What this task involves:
The following data needs to be repeated exactly, with all images excluded.

Data excerpt:
══════════════════════════════

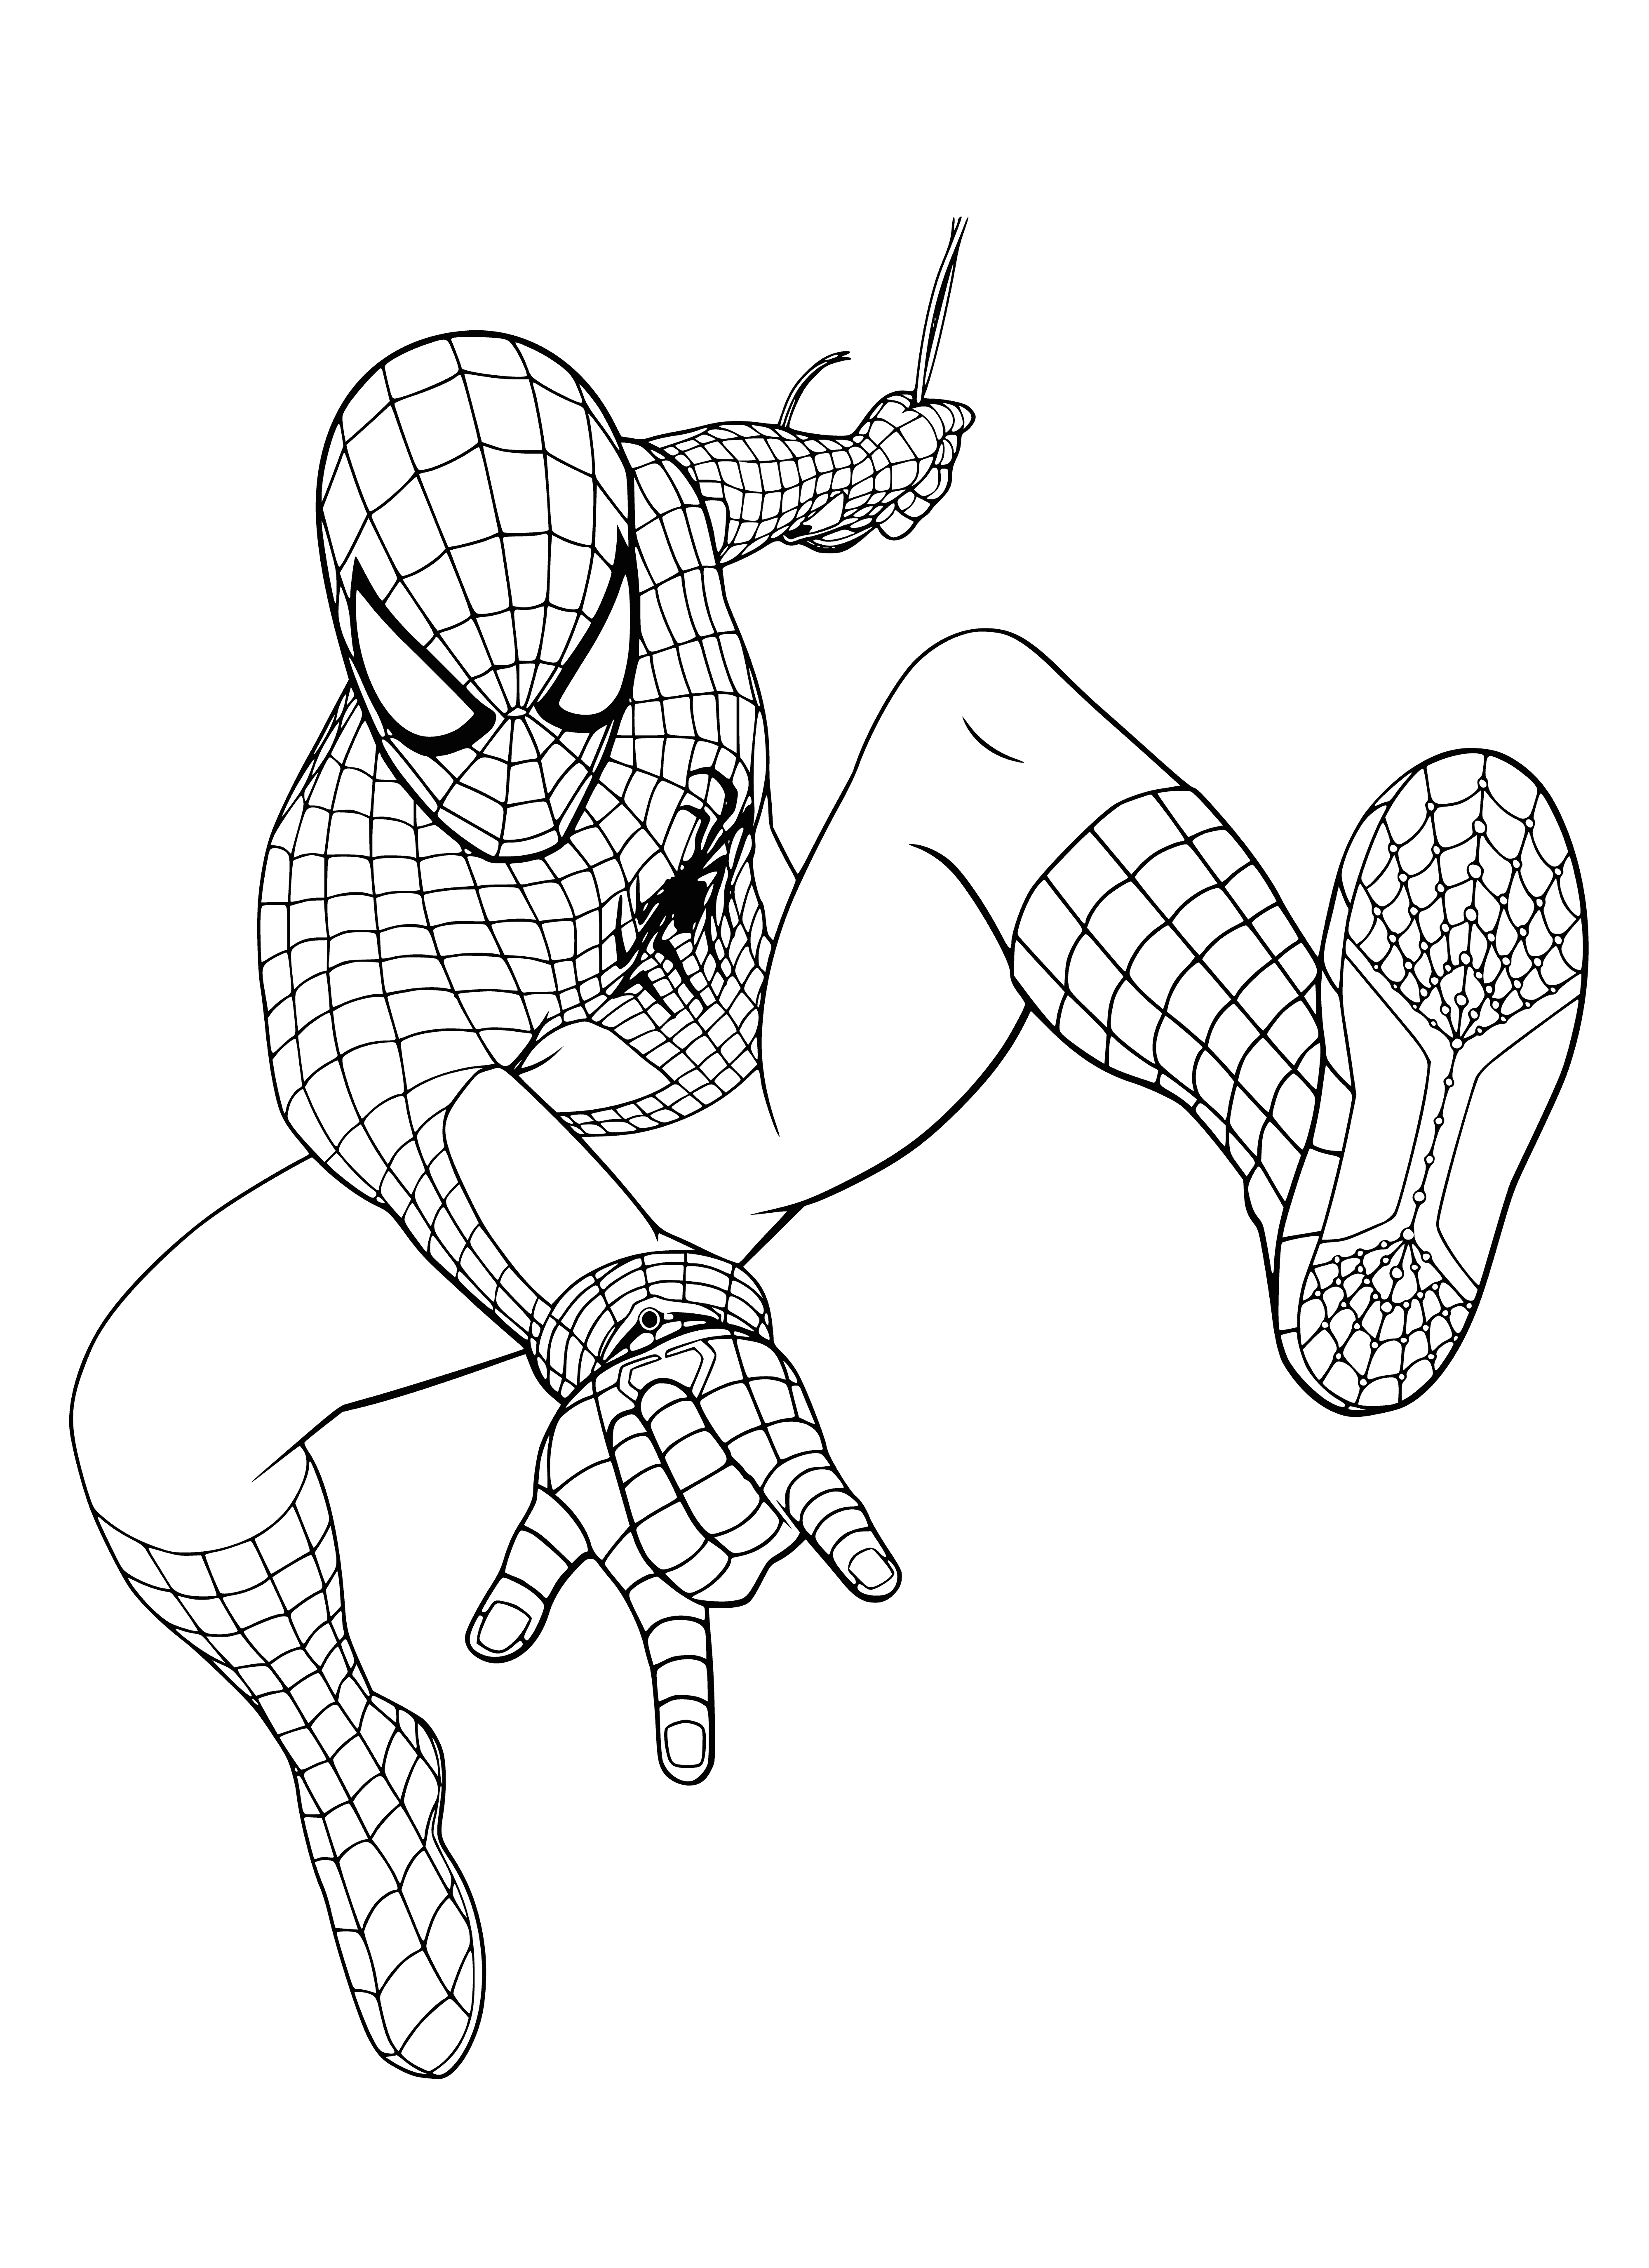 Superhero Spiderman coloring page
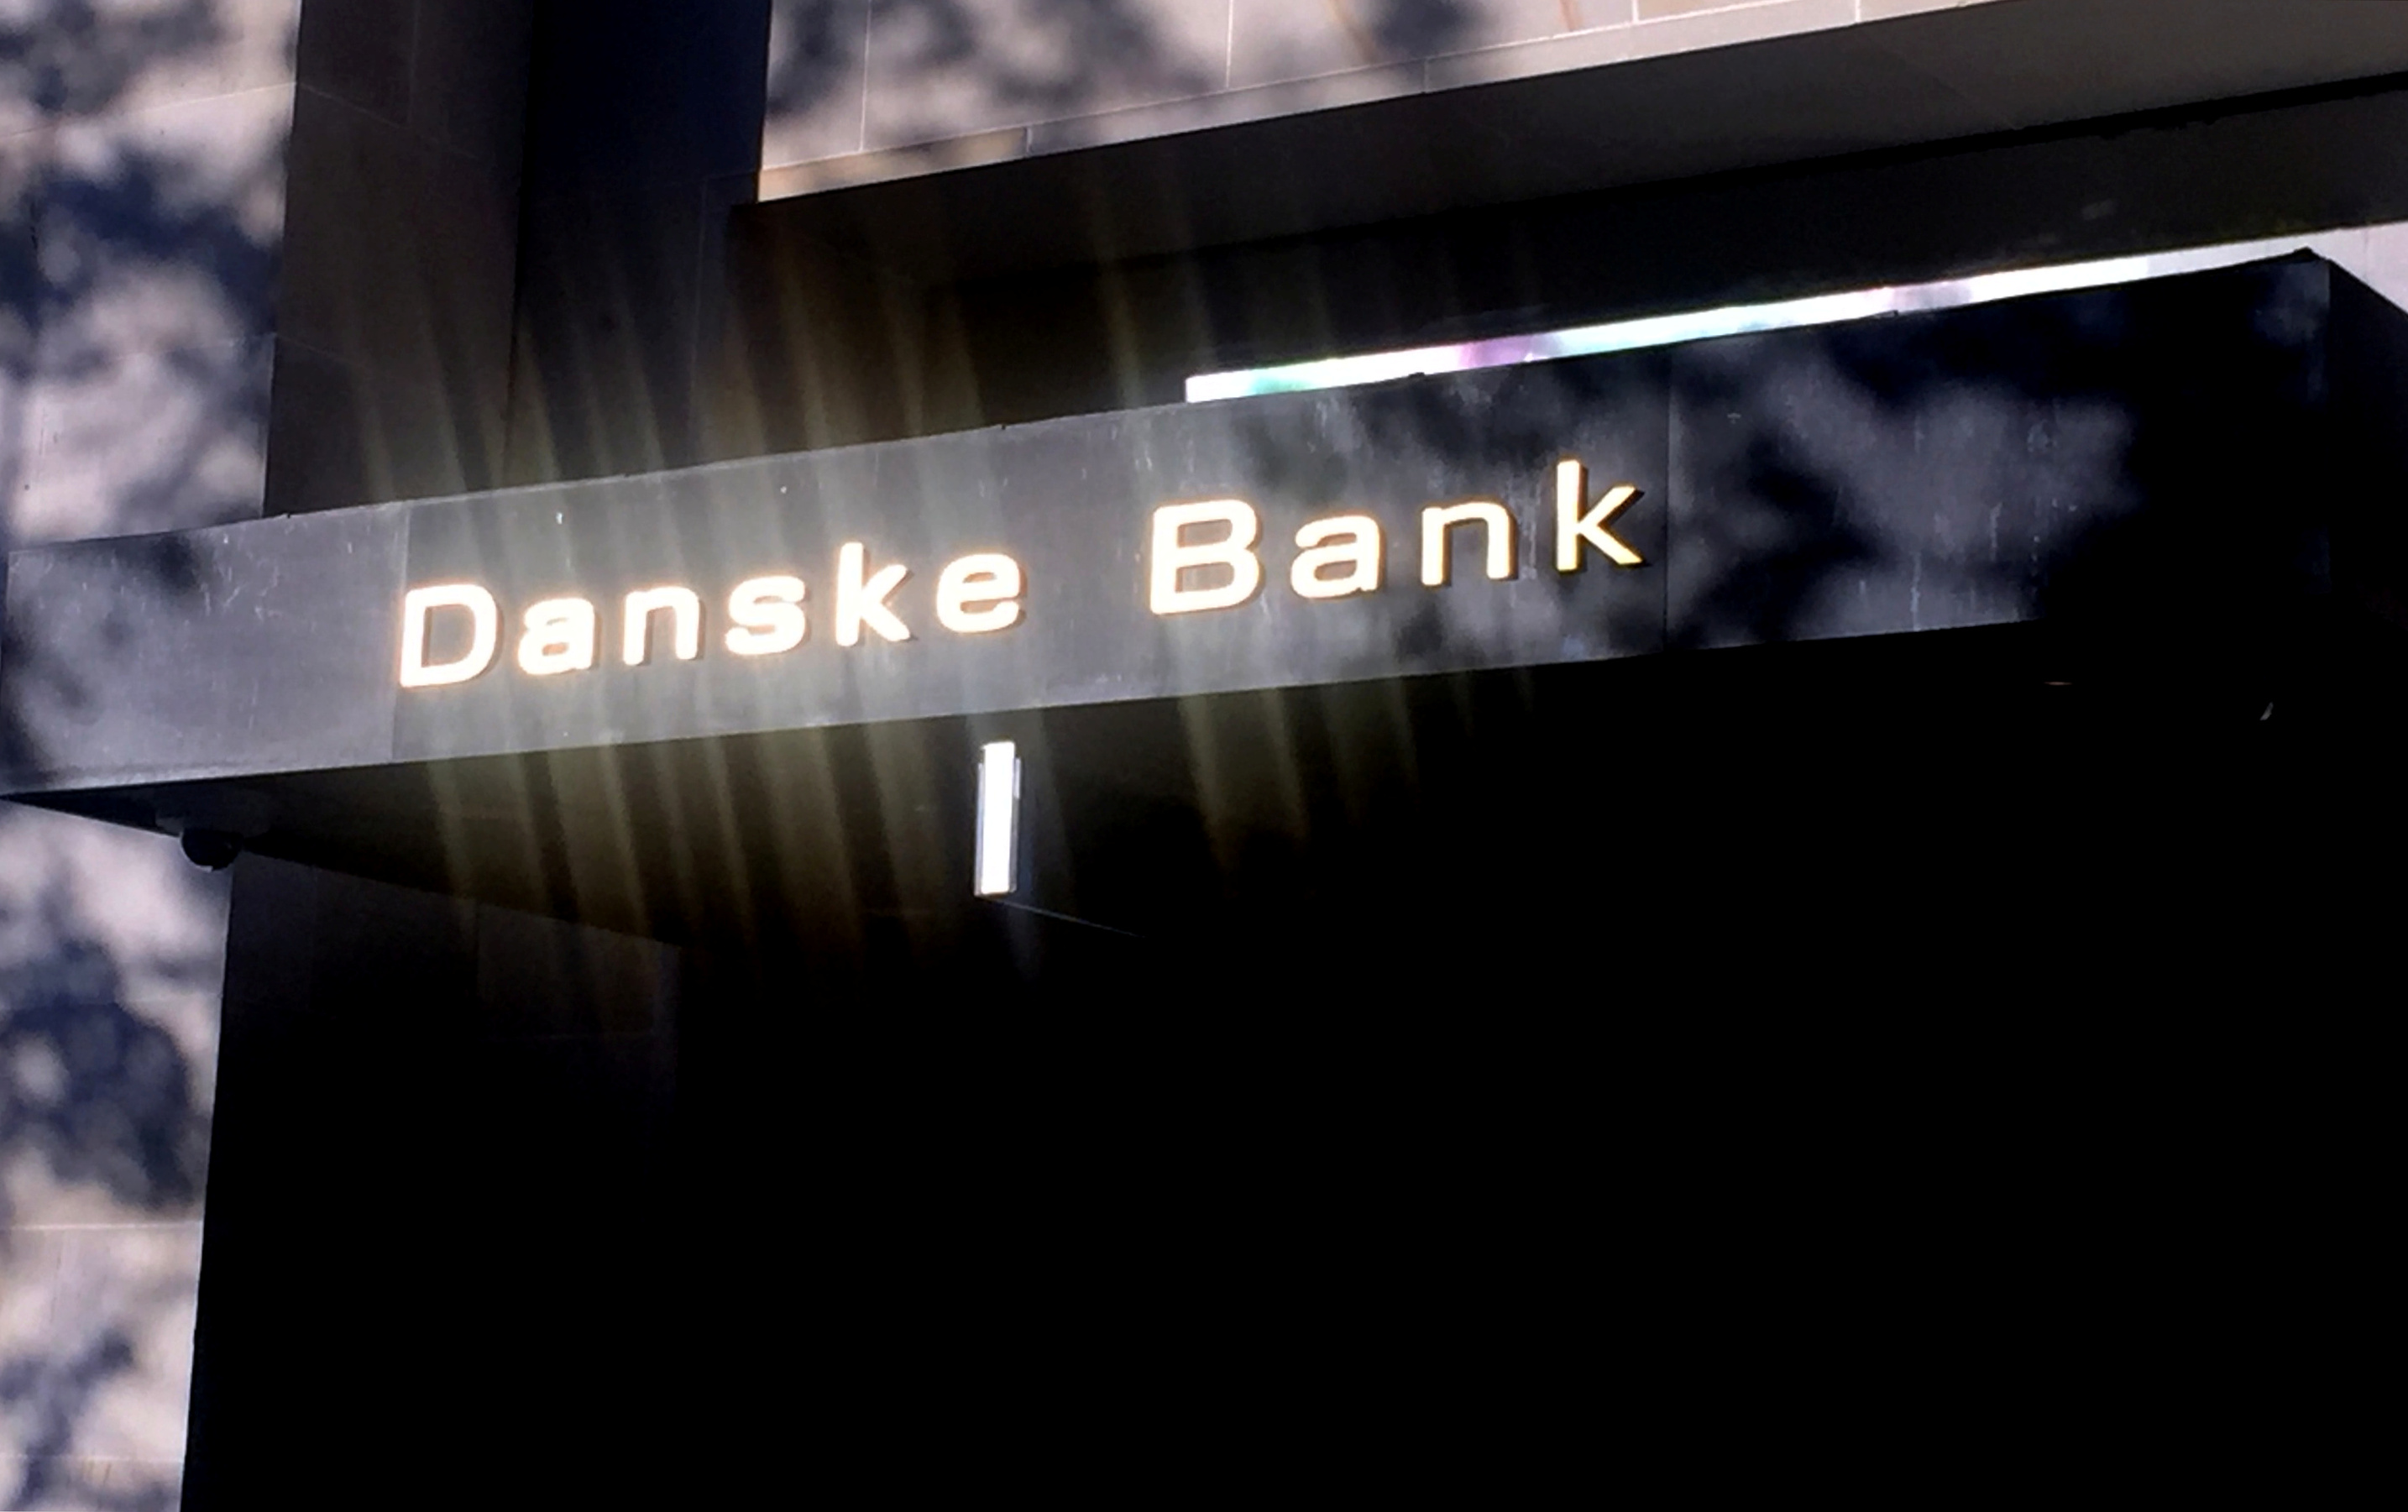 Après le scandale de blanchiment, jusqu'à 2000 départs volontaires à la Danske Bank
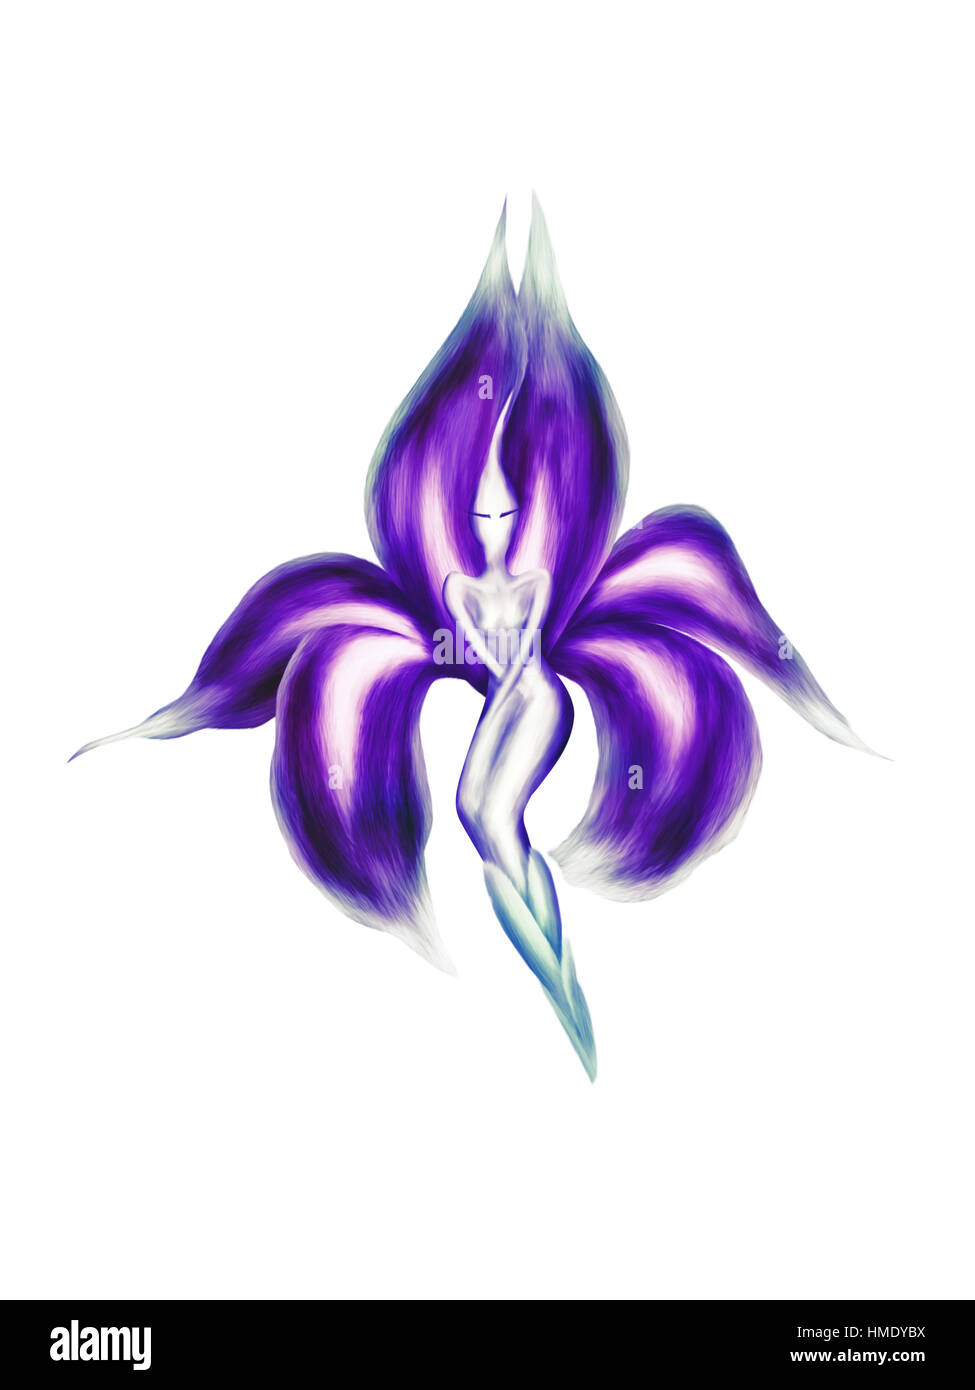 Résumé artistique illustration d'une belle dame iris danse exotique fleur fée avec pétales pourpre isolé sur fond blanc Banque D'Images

══════════════════════════════

Solution to this problem:
 Superhero Spiderman coloring page
 Après le scandale de blanchiment, jusqu'à 2000 départs volontaires à la Danske Bank
 Résumé artistique illustration d'une belle dame iris danse exotique fleur fée avec pétales pourpre isolé sur fond blanc Banque D'Images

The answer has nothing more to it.